• _Available records_:
---*---
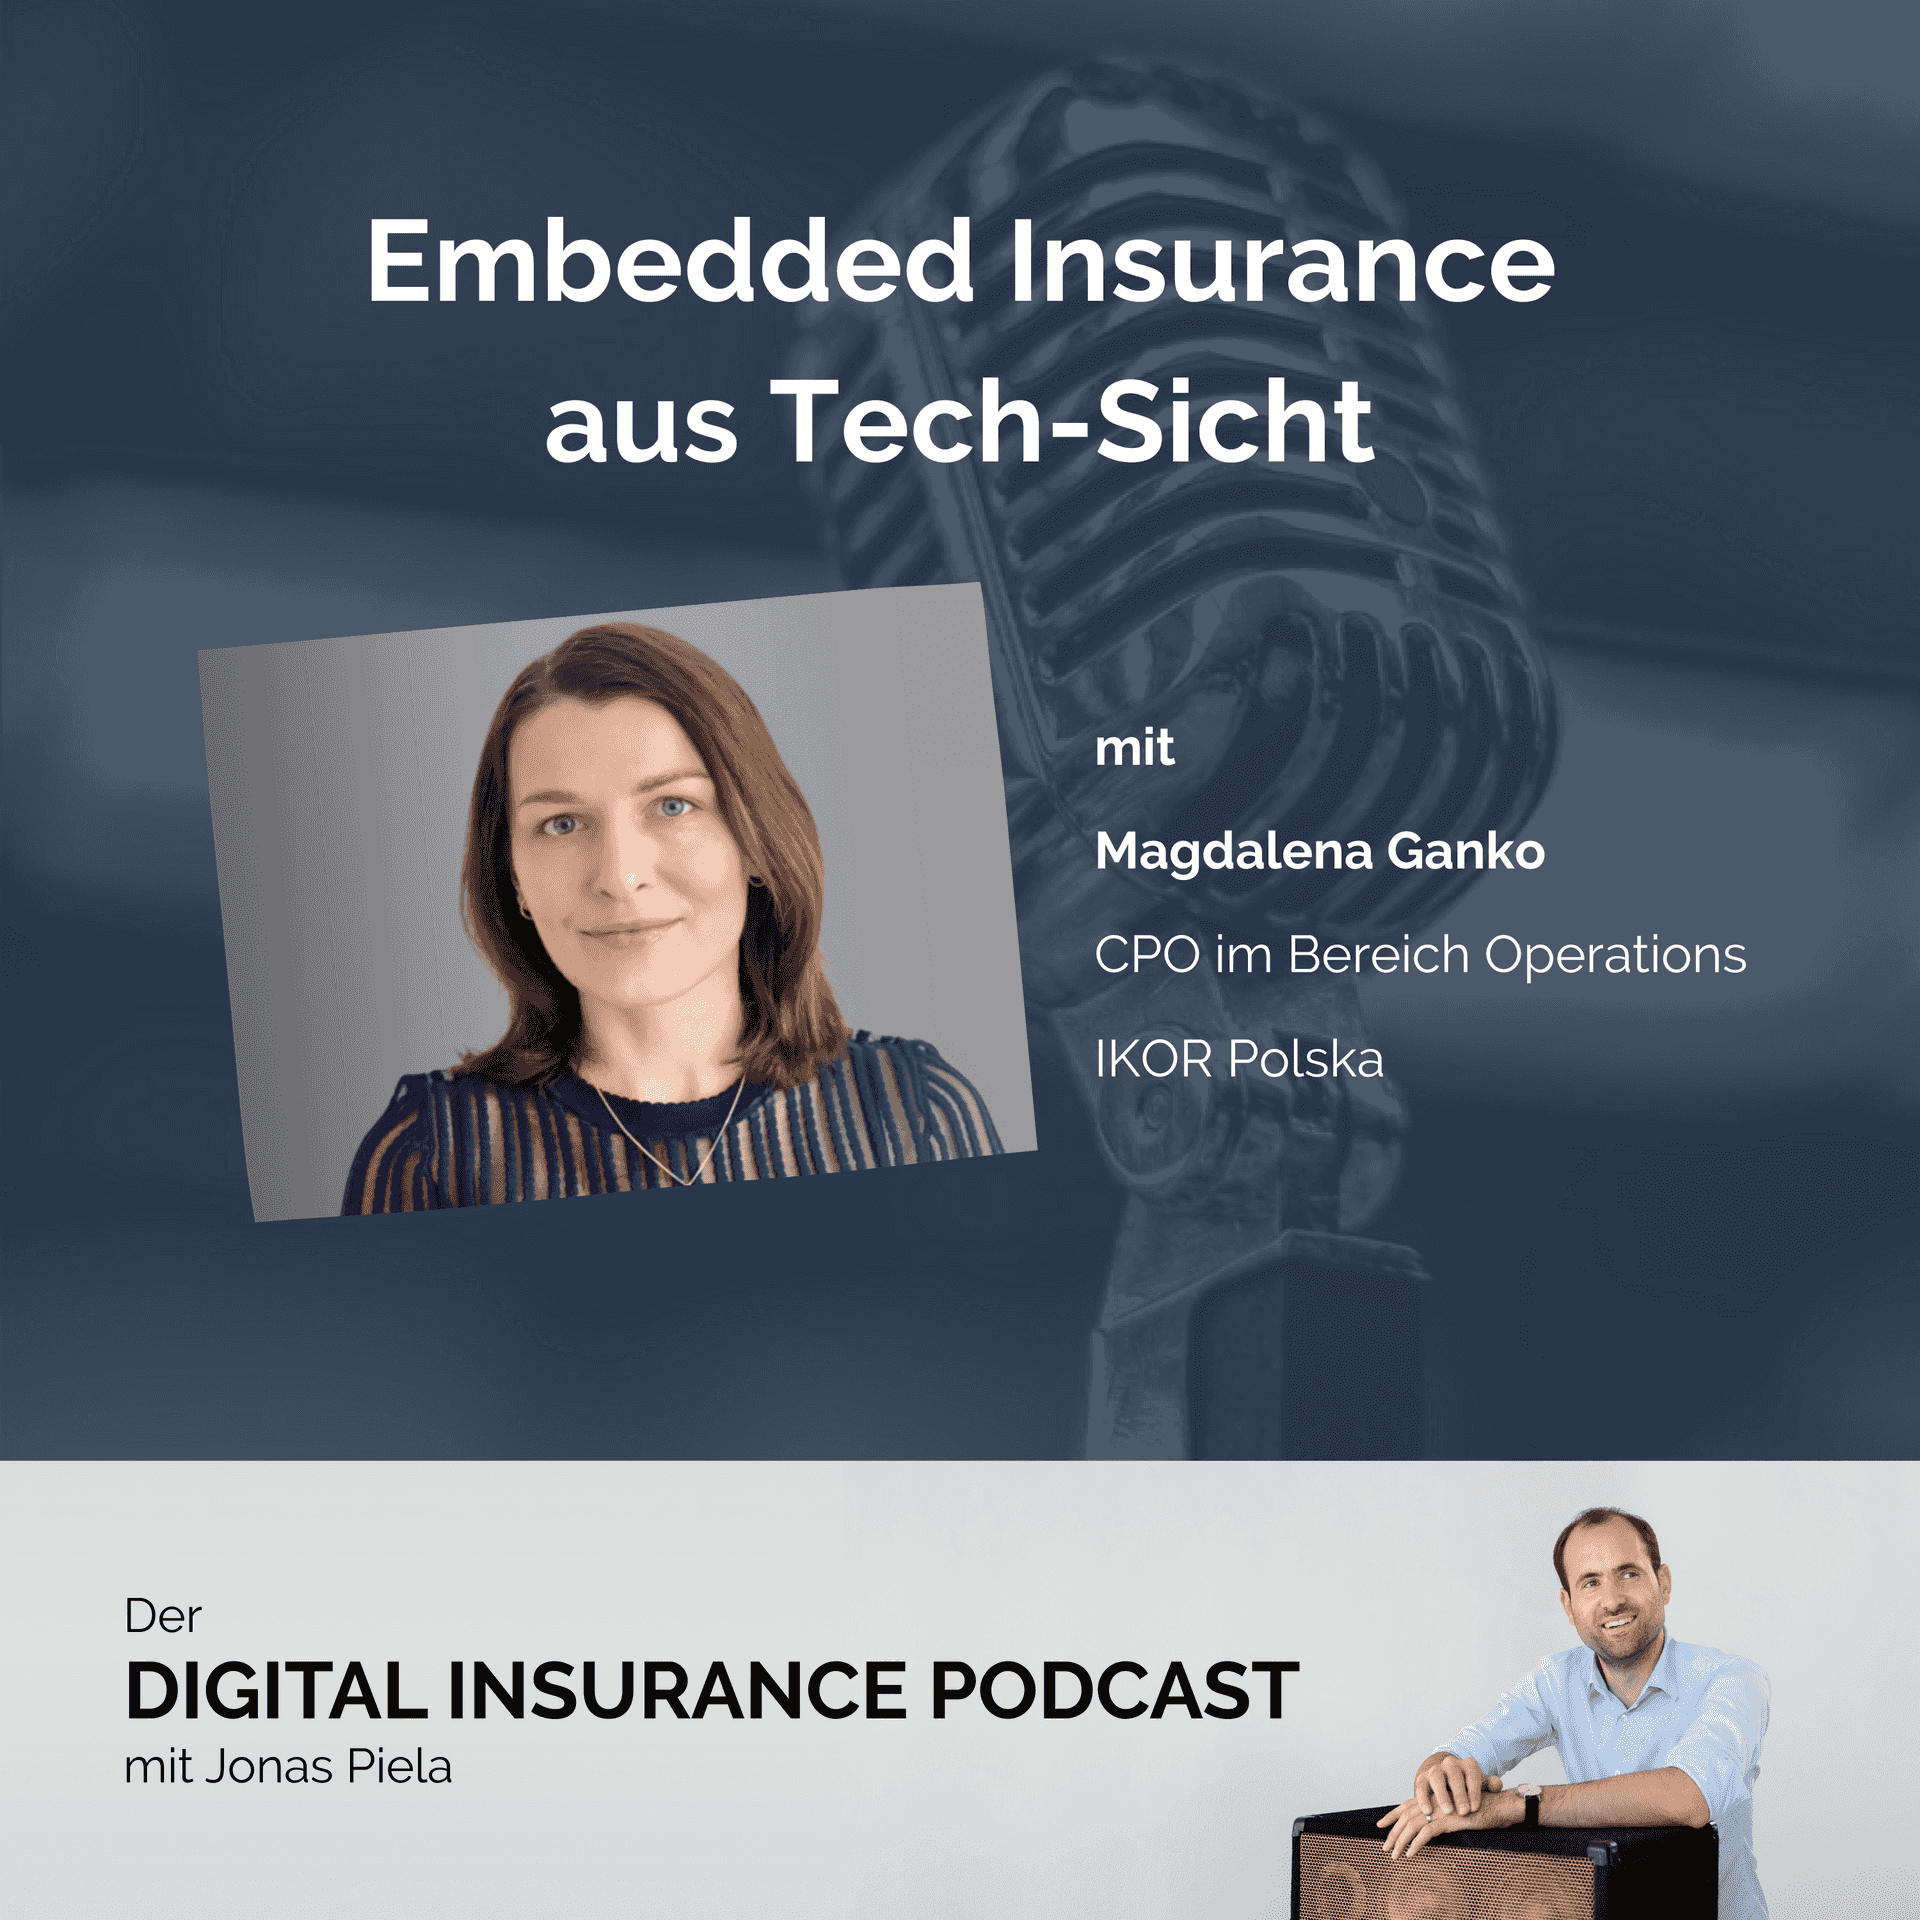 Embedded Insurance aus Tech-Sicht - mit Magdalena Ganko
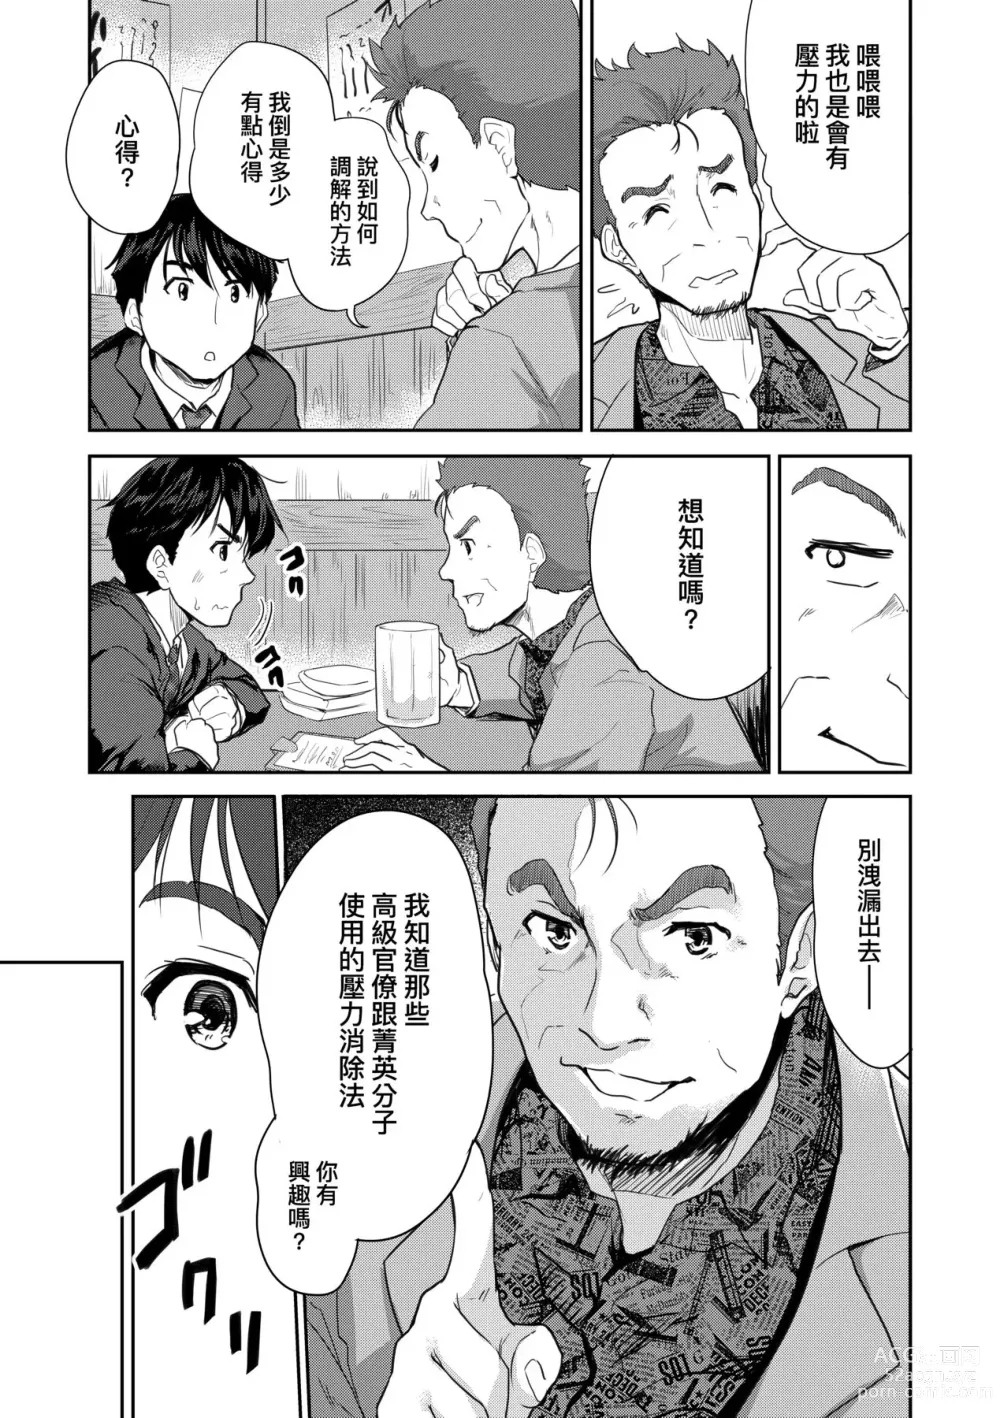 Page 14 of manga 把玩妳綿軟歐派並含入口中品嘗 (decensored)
---*---
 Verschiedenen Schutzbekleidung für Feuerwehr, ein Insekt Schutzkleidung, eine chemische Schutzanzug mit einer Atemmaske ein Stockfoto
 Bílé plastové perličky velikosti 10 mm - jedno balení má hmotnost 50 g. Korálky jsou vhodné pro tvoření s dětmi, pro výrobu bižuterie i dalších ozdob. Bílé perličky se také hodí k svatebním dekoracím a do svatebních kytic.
---*---
• _Brief_: Exact copy, pictures excluded: every line above from the one containing "Embedded Insurance aus" to the one containing "Page 14 of manga 把玩妳綿軟歐派並含入口中品嘗 (decensored)", inclusive, and nothing more.

• _Response to the task_:
 Embedded Insurance aus Tech-Sicht - mit Magdalena Ganko
 Page 14 of manga 把玩妳綿軟歐派並含入口中品嘗 (decensored)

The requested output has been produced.